The cherry recipe involved pitting and then breaking the pits and leaving those in.. I used eating cherries ( was all I had) and this came out too earthy for my taste. I would abort the whole adding the bashed pits phase of that recipe and add vanilla bean and zest next time.. see if that tweaks it. That one is 9 months old now and I've put it back in the cellar, will try it at a year and a half and see if it's improved.. if not.. I'll blend it with something else.

Allie


----------



## BettyJ

*Mixing*

Would you guys consider this "mixology" then? I was working on being a vintner when I grow up, but may have to throw in mixology as well.. LOL


----------



## winemanden

What's in a name. It is perfectly possible to make Raspberrycello the opposite way to Toms method. Fill your jar with Raspberries layered with granulated sugar. Leave several weeks shaking the jar regularly. The sugar will gradually draw the juice from the fruit. When you think it's ready, add whatever base spirit takes your fancy, ie brandy, whisky, vodka, everclear, to taste. If it needs a bit more body, a spoonful of glycerine works wonders.

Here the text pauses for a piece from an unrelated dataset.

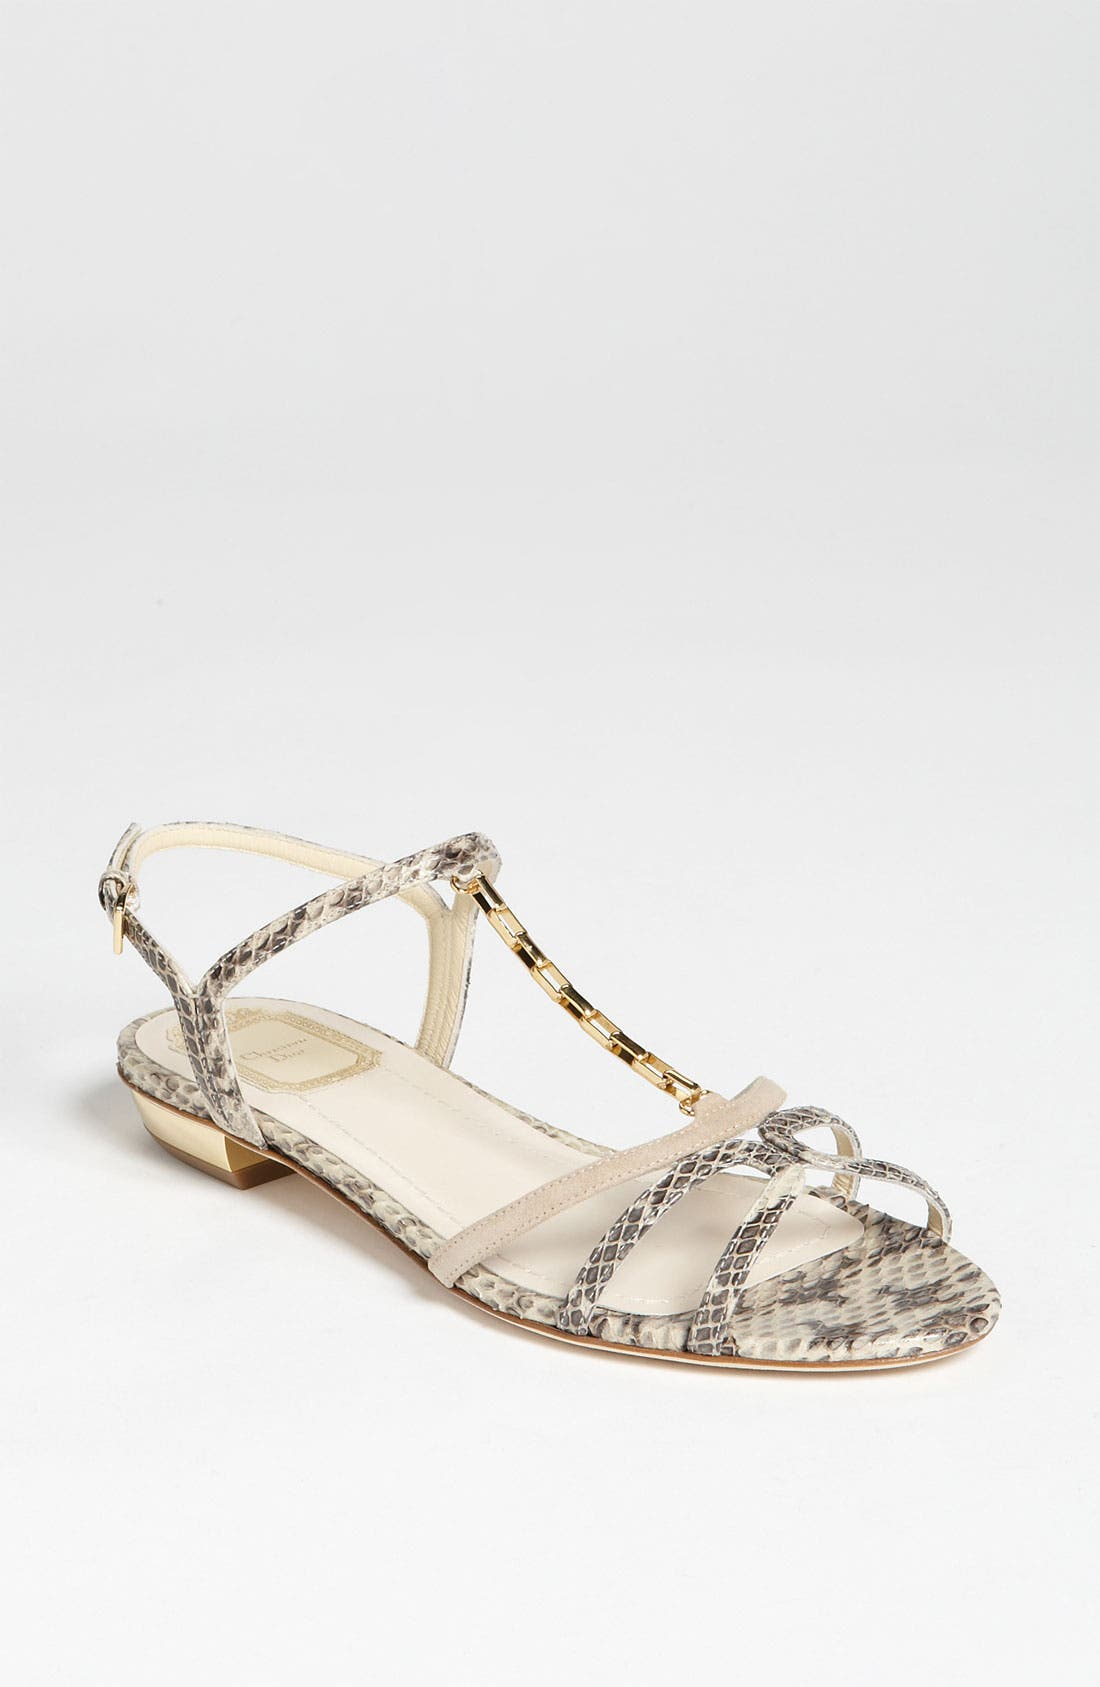 Dior 'Chain' Sandal   Nordstrom
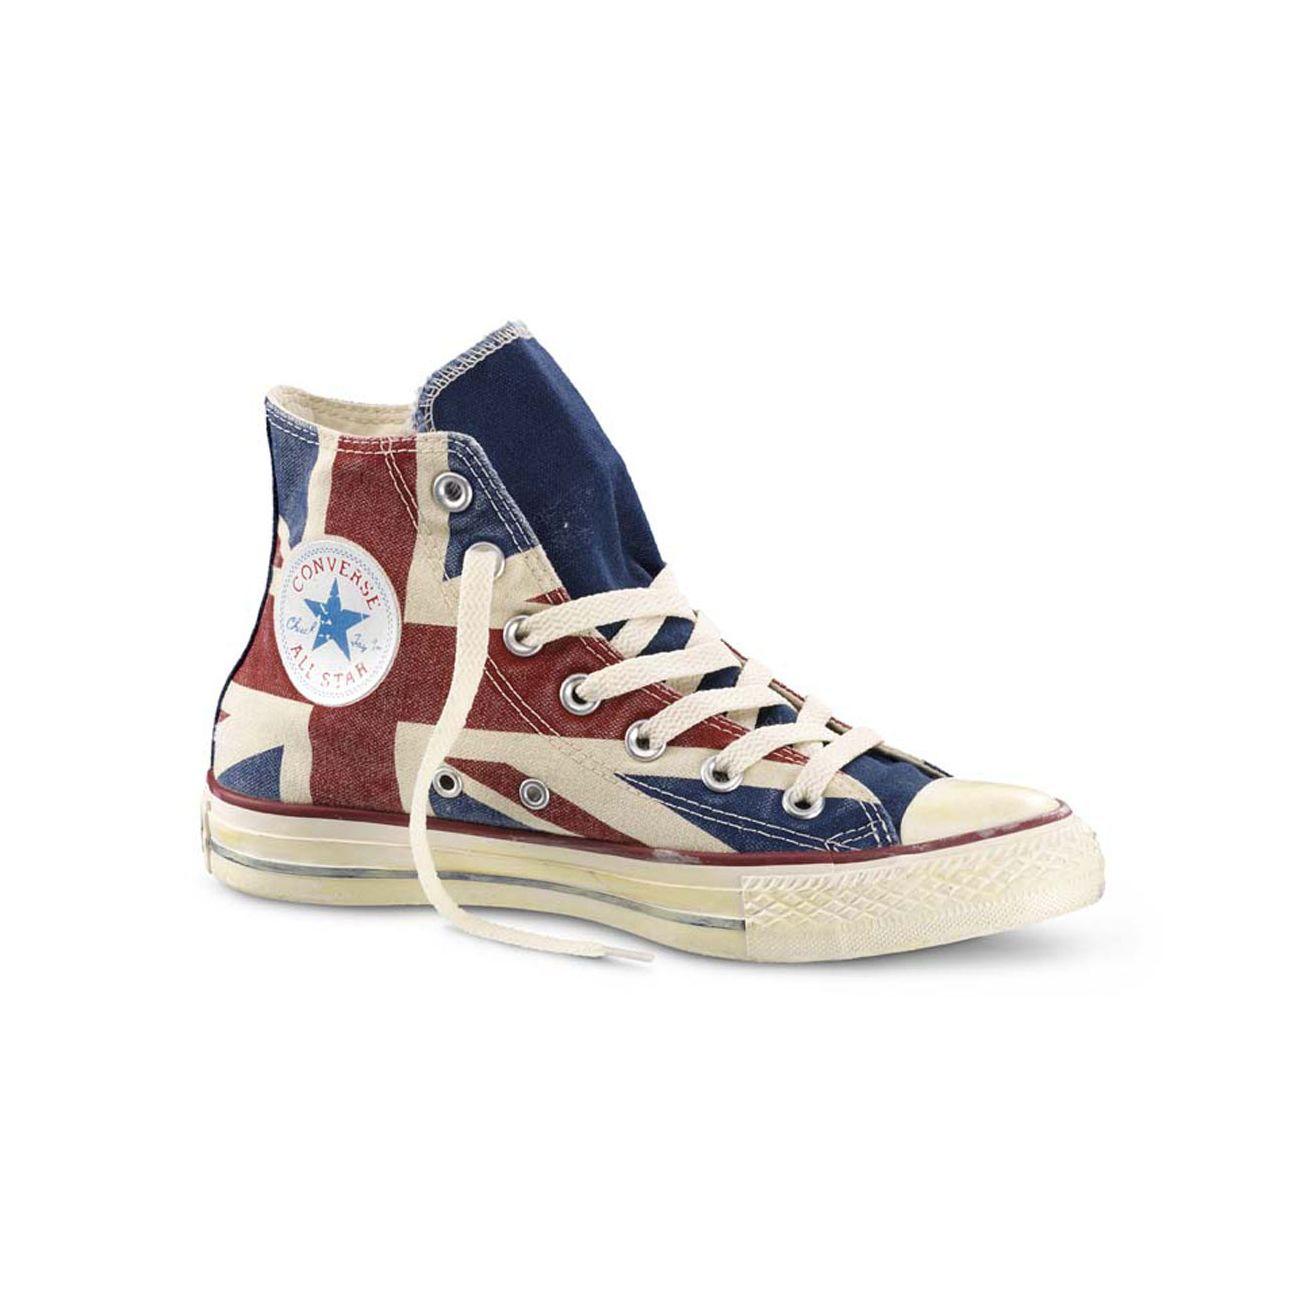 CONVERSE ALL STAR HI GRAPHICS UK FLAG   Mascheroni Sportswear

If anyone is interested, I have a recipe for Portuguese Licoro. This is a chocolate milk and whisky liqueur which looks nothing like you'd expect. If you love chocolate it's well worth trying. I won the liqueur cup in our local show a couple of years back with this recipe. 

Regards to all, Winemanden.


----------



## St Allie

winemanden said:


> What's in a name. It is perfectly possible to make Raspberrycello the opposite way to Toms method. Fill your jar with Raspberries layered with granulated sugar. Leave several weeks shaking the jar regularly. The sugar will gradually draw the juice from the fruit. When you think it's ready, add whatever base spirit takes your fancy, ie brandy, whisky, vodka, everclear, to taste. If it needs a bit more body, a spoonful of glycerine works wonders.
> 
> If anyone is interested, I have a recipe for Portuguese Licoro. This is a chocolate milk and whisky liqueur which looks nothing like you'd expect. If you love chocolate it's well worth trying. I won the liqueur cup in our local show a couple of years back with this recipe.
> 
> Regards to all, Winemanden.



Yes please.. I'll give that a go.

The bloke thinks that sounds yummy.

Allie


----------



## winemanden

Portuguese Licoro​
1 1/3 cup of Spirit traditionally Whisky or your choice of spirit
1/8 size wedge of lemon
1 1/3 cup of sugar
1 cup + 3tbspn whole milk
6 squares of 85% chocolate
1 vanilla pod 
1 tsp glycerine

Put all into a preserving jar, shake twice daily for 10 days then leave to settle.
At first it will look disgusting, like something you've done after a bad night out , but it will end up with the gunge on top and a clear yellow liquid below which is what you want. 
It is slow to filter but it is possible, if you push the tube carefully in to syphon most of the clear stuff out. Filter the rest as many times as needed through a paper coffee filter.
What you should end up with is a silky smooth golden chocolate liqueur. 

Enjoy it, regards, Winemanden.


----------



## daintyjag

This sounds DELICIOUS! one question..6squares of 85%..what brand do you use? what size package for these squares? Much thanks for sharing this recipe! .. Also appreciate all the 'cello' discussion..chomping at the bit to make both of these tasty bevs


----------



## winemanden

The chocolate I used was Lindt 85%, but I'm sure any good quality unsweetened chocolate will do the trick. It must be the dark stuff, don't use milk chocolate, you're adding the milk yourself. This year I shall be using Greens Organic 70% so I shall pop in a couple more squares. Regretfully , I didn't weigh the chocolate, I just adapted the recipe to suit myself. 
Here is the original recipe.
Ingredients:
1 quart whiskey
1/2 lemon
4 1/2 cups white sugar
1 quart milk
6 (1 ounce) squares unsweetened chocolate
2 vanilla beans

Directions:
1. In a gallon container combine whiskey, lemon, sugar, milk, chocolate
squares and vanilla beans. Keep at room temperature for 10 days, stirring
once a day.
2. After 10 days, remove the lemon half, chocolate and vanilla beans. Insert
a coffee filter into a large funnel. pour the liquid through the filter into
a gallon jug. Change filter as needed. A clear yellow solution should
result. This liqueur can be stored in a sealed bottle at room temperature.

My recipe is just a variation because compared to the US. spirits are heavily taxed in the UK.
Anyway, try it and you're sure to love it.
Regards, Winemanden.


----------



## daintyjag

Awesome! Thank you very much! Will definitly be making this!


----------